Further Reading: Analysis of Variance (ANOVA)
Books
For Deeper Understanding
Douglas C. Montgomery, Design and Analysis of Experiments, 10th edition (2019) The gold standard textbook on experimental design and ANOVA. Montgomery covers one-way ANOVA, factorial designs, blocking, nested designs, and repeated measures with exceptional clarity. Chapters 3-4 provide a thorough treatment of one-way ANOVA that extends everything in this chapter, including multiple comparison procedures (Tukey, Dunnett, Scheffé, Fisher's LSD) and their relative merits. If you take a second statistics course, this is likely your textbook.

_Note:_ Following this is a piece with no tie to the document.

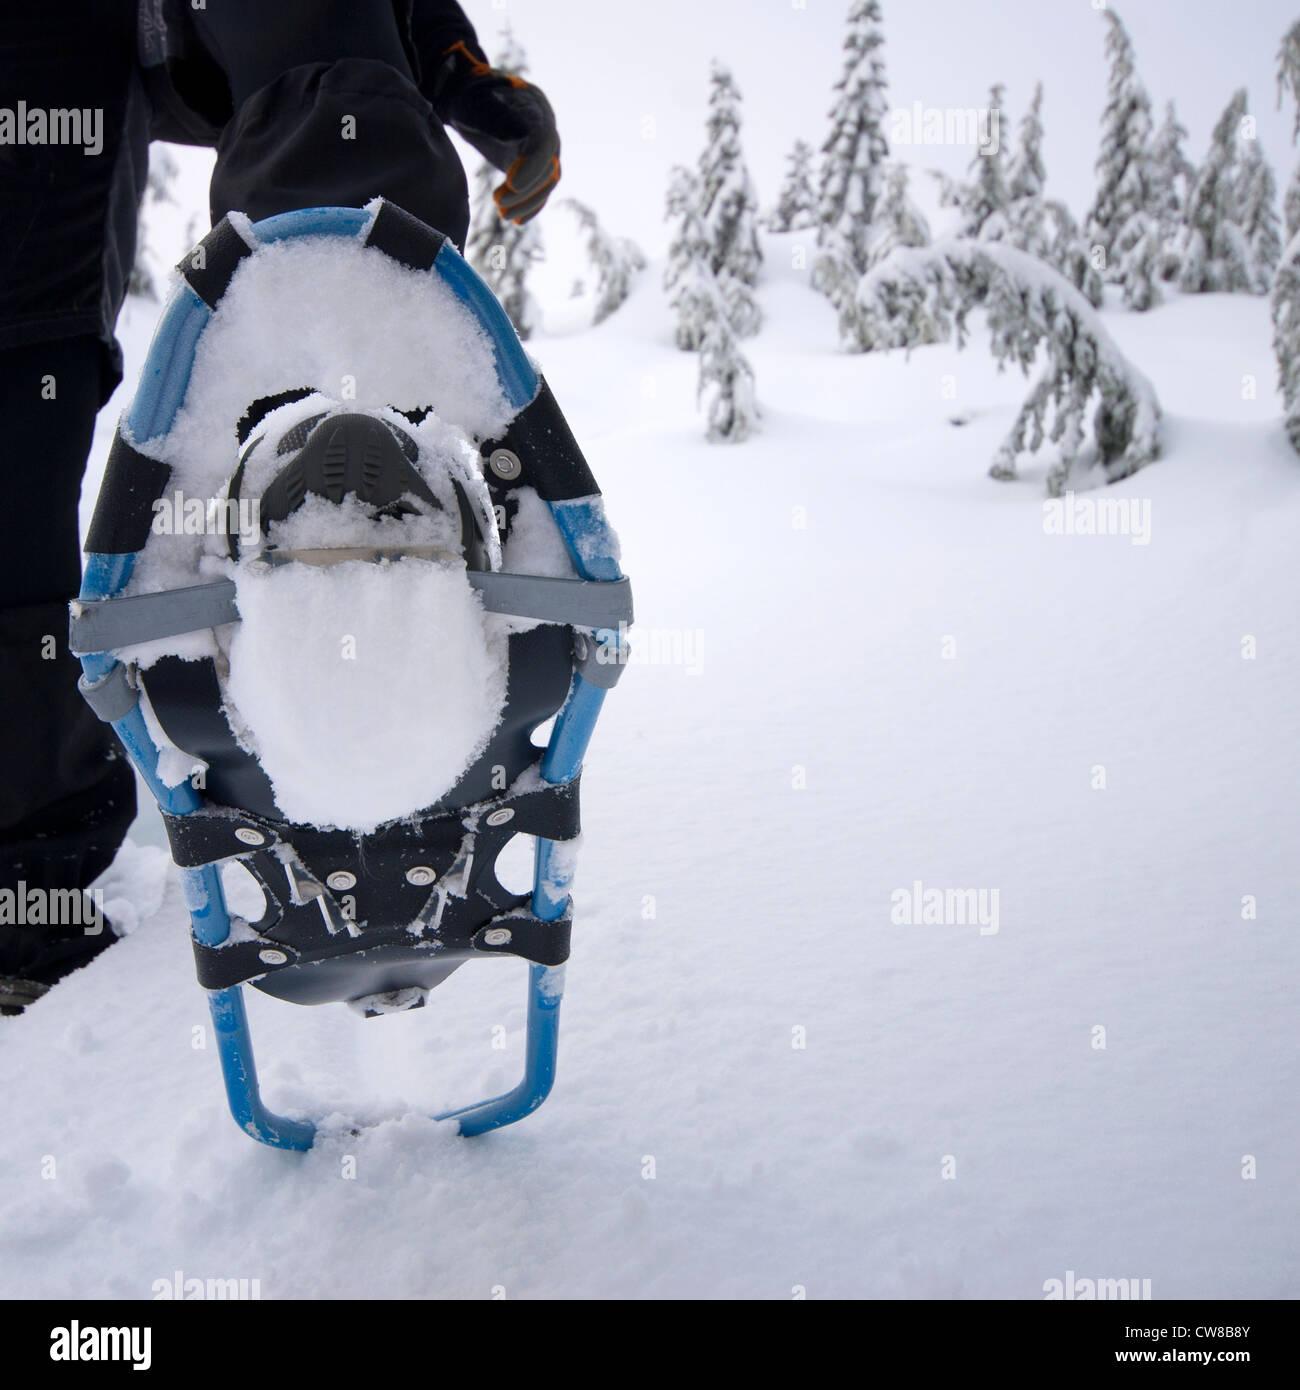 Gros plan d'une raquette sur un pied d'une personne courant en hiver sur la neige Photo Stock

George W. Cobb, Introduction to Design and Analysis of Experiments (1998) Cobb's textbook takes a unique approach: he builds ANOVA entirely from the decomposition of variability, making the $SS_T = SS_B + SS_W$ identity the central organizing principle. His writing is unusually clear and conceptual — he spends less time on formulas and more time on why ANOVA works. The first three chapters are worth reading even if you never take another course in experimental design.
Jacob Cohen, Statistical Power Analysis for the Behavioral Sciences, 2nd edition (1988) The definitive reference on effect sizes and power analysis. Chapter 8 covers ANOVA specifically, including the conventions for $\eta^2$ and Cohen's $f$ that we used in this chapter. Cohen's discussion of "small, medium, and large" effects — and his warnings about treating these benchmarks too rigidly — is essential reading for any researcher. Previously recommended in Chapter 17 for Cohen's $d$.
Andy Field, Discovering Statistics Using IBM SPSS Statistics, 6th edition (2024) Field's treatment of ANOVA (Chapters 12-14) is simultaneously rigorous and entertaining — he uses examples involving "sexy cats" and the "beer-goggles effect" to teach factorial ANOVA in a way that students actually remember. His coverage of assumption checking and robust alternatives is more thorough than most introductory texts. Available in R and Python editions as well.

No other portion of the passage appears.